Content-Type: text/plain; charset=iso-2022-jp
Content-transfer encoding: base 64
X-MIME-Autoconverted: from 8-bit to base64 by netscape.com id TAA29656

(Then the B64'ed text follows..)

...

4.6 can display this kind of mail text but 5.0 cannot. Under 5.0,
this kind of message shows as a blank text body.

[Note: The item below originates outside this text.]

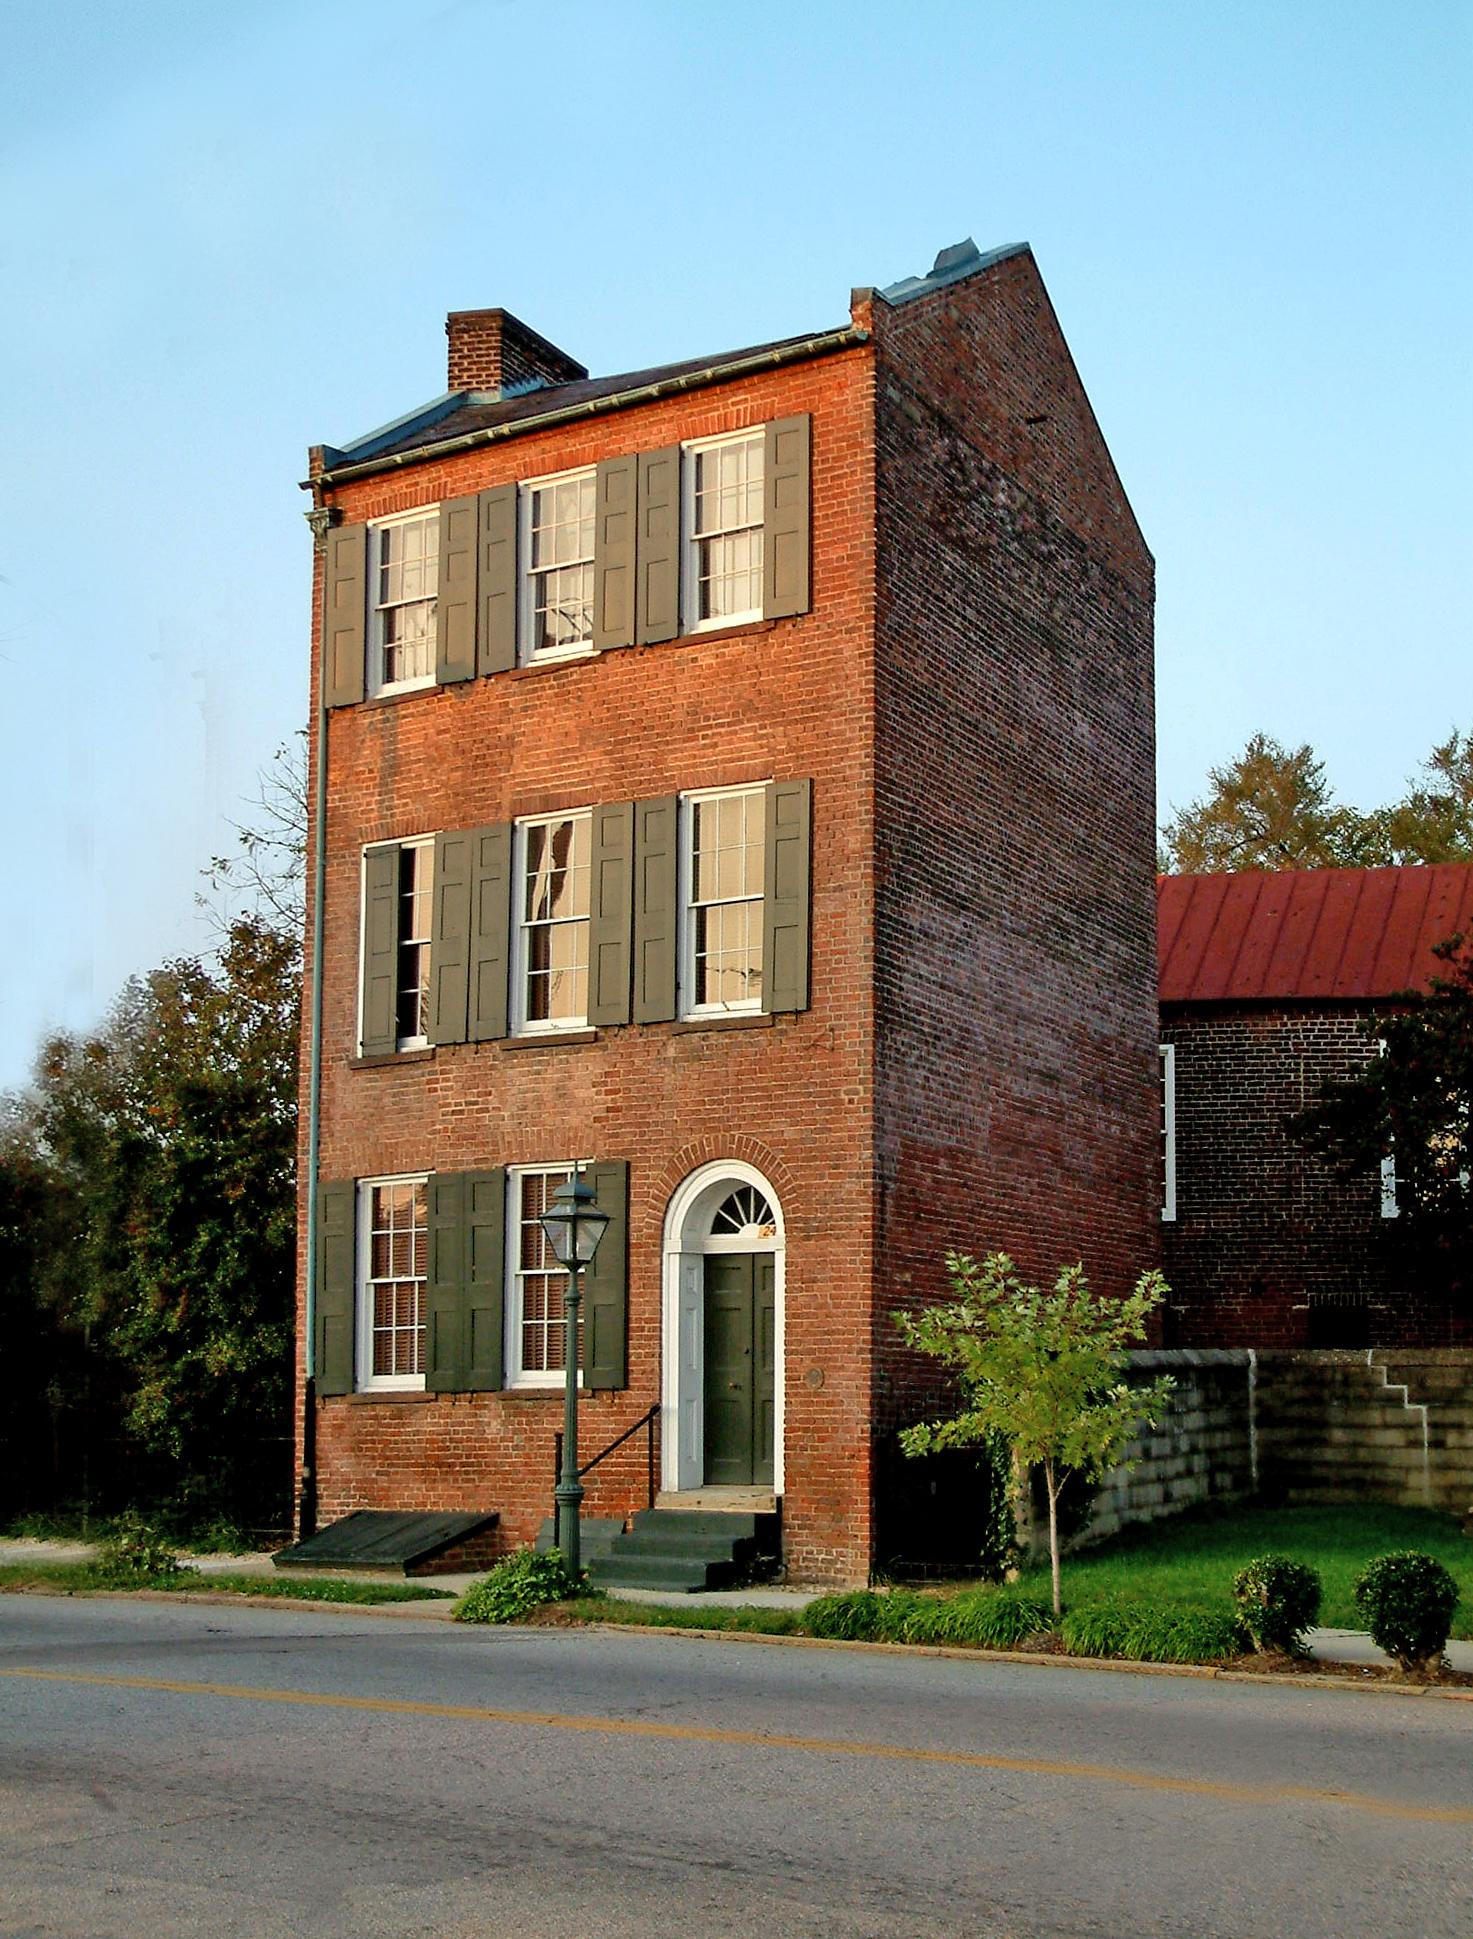 Trapezium House,1817

So, we have to assume something like the following.

1. We don't have Base64 decoder working for mail text.
2. We don't have a way to override the wrong charset tag even though
   we have Base 64 decoder working.

Since the Base64-encoded attachment without charset label can
be displayed currently with 5.0, it's more likely #2 we are
looking at.

In any case, since nhotta seems to have a plan for the
mail charset override, I'm filing this bug as a reminder.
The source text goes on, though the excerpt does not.